By Priscilla Toomey, Licensed Associate Real Estate Broker, Julia B. Fee/Sotheby's International Realty

Apr. 8, 2020: As the proverb says, "there's many a slip twixt the cup and the lip," and it holds true in real estate just as in many other areas of everyday life.

Once you find a home and agree on price and terms, there are many steps to be taken before the deal closes. They fall under the heading "transaction management."

The lawyers for the parties have their own steps to manage.

This article focuses on seven vital steps of which the parties and their real estate agents need to be aware.

-Agents for both buyers and sellers write up a "Purchase Memo" spelling out the price and terms of the transaction. Terms would include a proposed closing date and any contingencies such as a mortgage commitment and what percentage cash versus mortgage will be coming from the buyers.

The Memo identifies the parties with their correct legal names, any inclusions and exclusions, and any special terms. The sellers' lawyer uses the Purchase Memo as the basis for drafting the Contract.
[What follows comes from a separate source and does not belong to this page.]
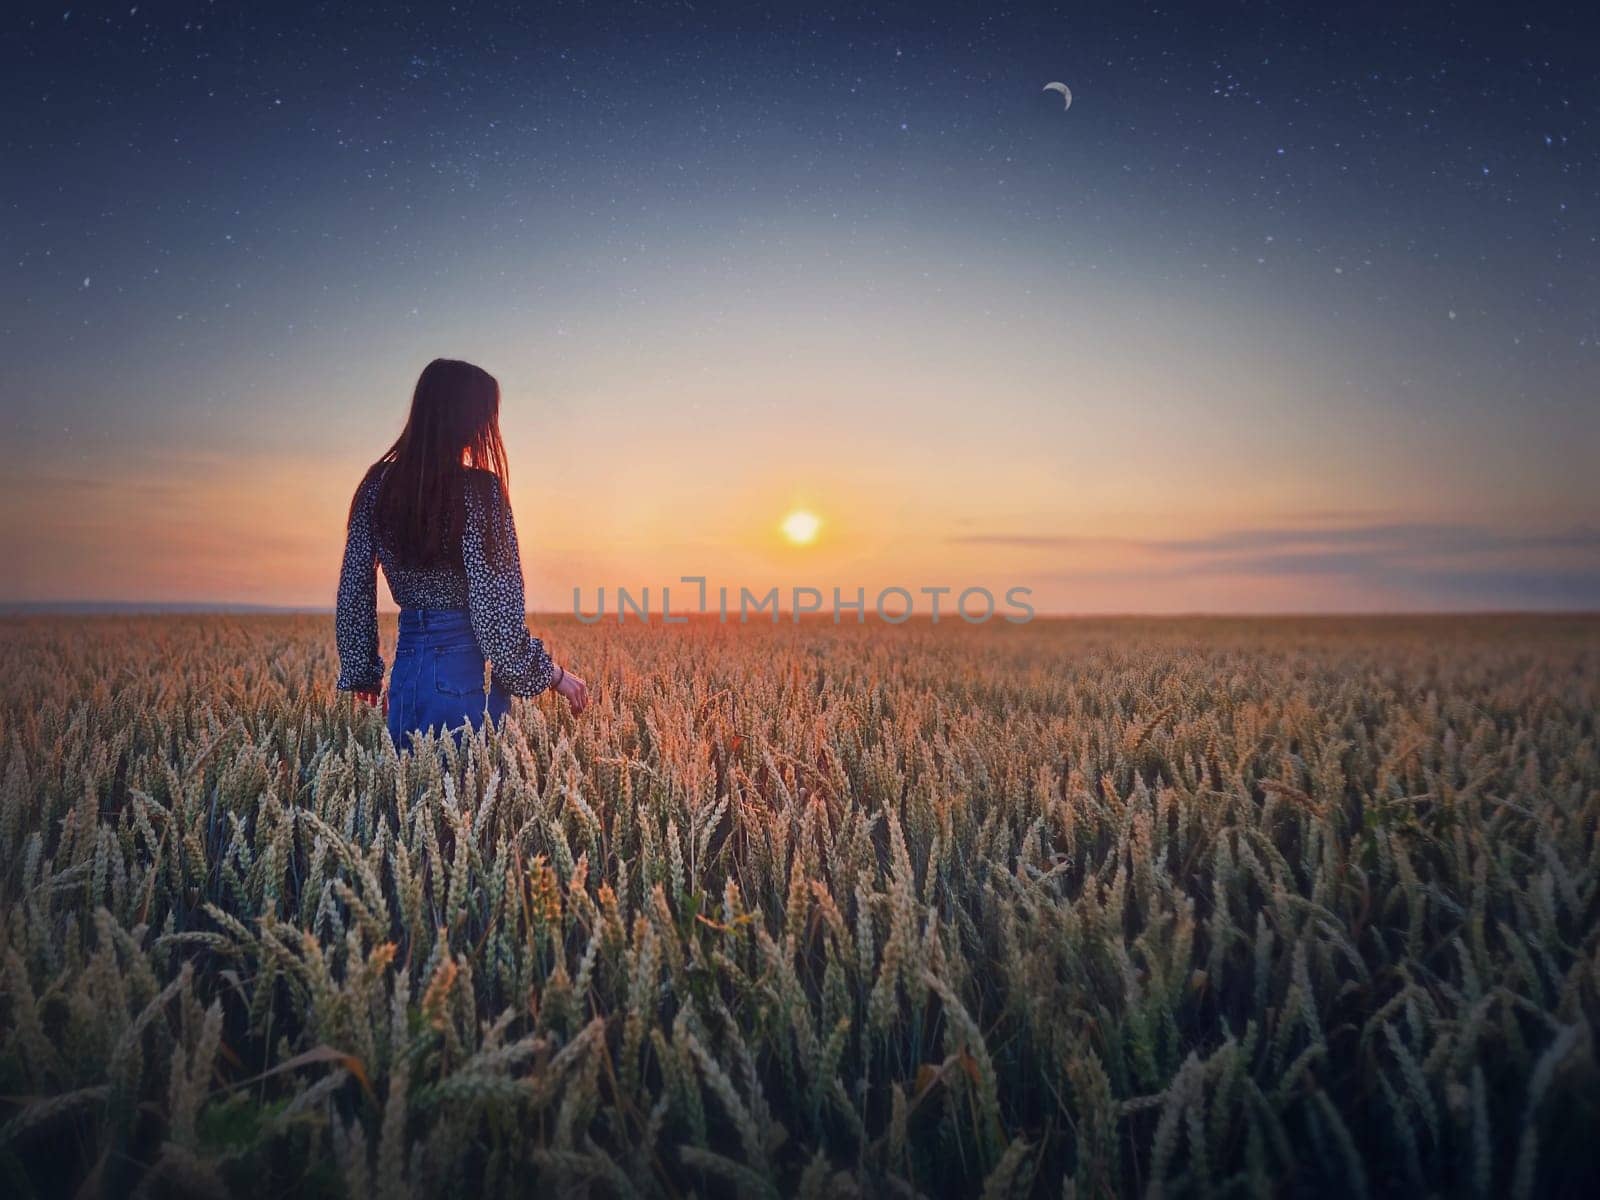 Young woman in the golden wheat field at sunset. Beautiful twilight scenery under the summer sun and crescent moon with starry sky by psychoshadow

– Inspections are done before contracts are signed, and if any issue arises, it is negotiated then. At this point, the agent for the buyer is also responsible for verifying taxes and for making sure all necessary Certificates of Occupancy are in place.

– Until contracts are signed by both parties, and the buyers have paid the earnest money deposit (typically 10% in this area), either party is free to back out without penalty. If, for example, a better offer comes in to the sellers, they are free to either negotiate with the original buyers or take the new offer.
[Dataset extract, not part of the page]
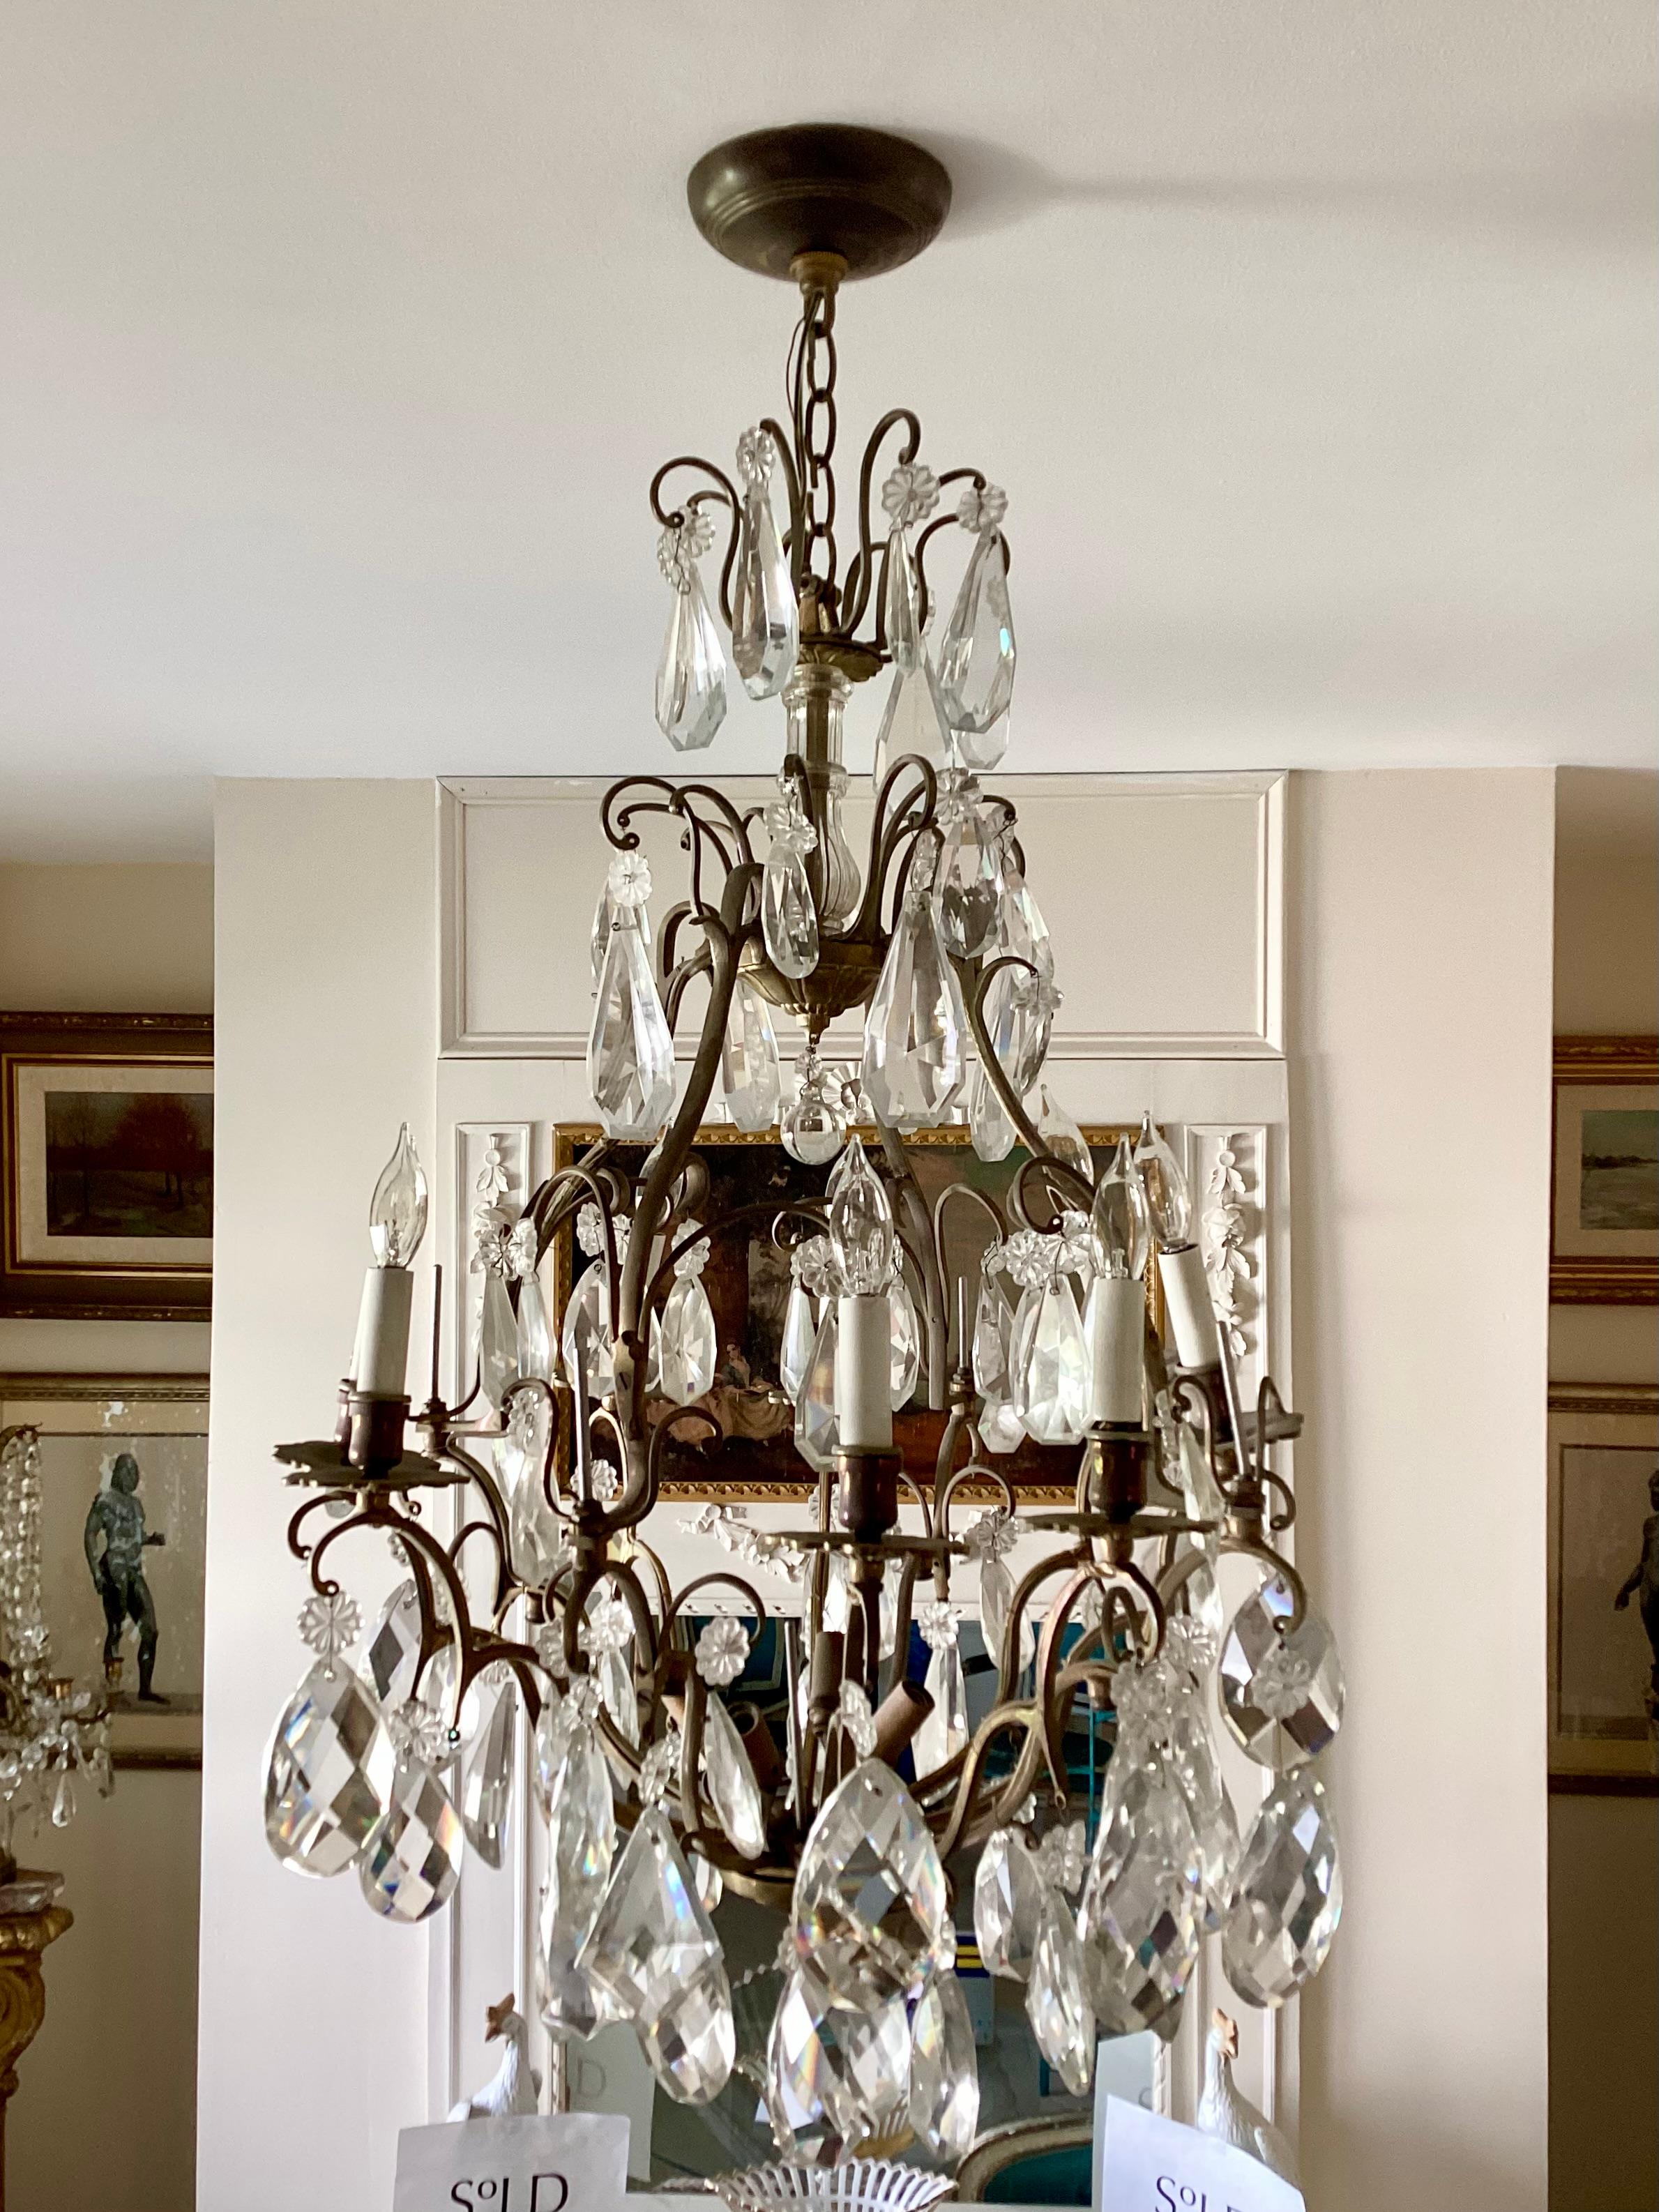 Bronze French Versailles chandelier. Missing pieces, so selling as is. Gorgeous bronze frame just a few missing items can easily be found. Selling as is.

– Staying in communication is vital — each party with their agent and the agents with such other. Circumstances may change, contingencies have expiration dates, and sellers may decide to ask the buyers about whether they want some items of furniture, either to buy or to be left for them.

-While all-cash transactions do occur, it is more common for there to be a mortgage and an appraisal. Typically, the lender will lend up to 80% of the appraised value, so it is important that the appraisal come in at the contract price or very close to it (or over it, of course).

The agent for the buyer should be in touch with the lender to make sure that the appraiser is familiar with the area where the home is located. Neither the agent nor the lender can choose the appraiser, but this is a reasonable question to ask.

Then the buyers' agent should prepare a package of comparable recent sales to give to the appraiser when they meet at the property. The appraiser doesn't have to accept this information, but most do.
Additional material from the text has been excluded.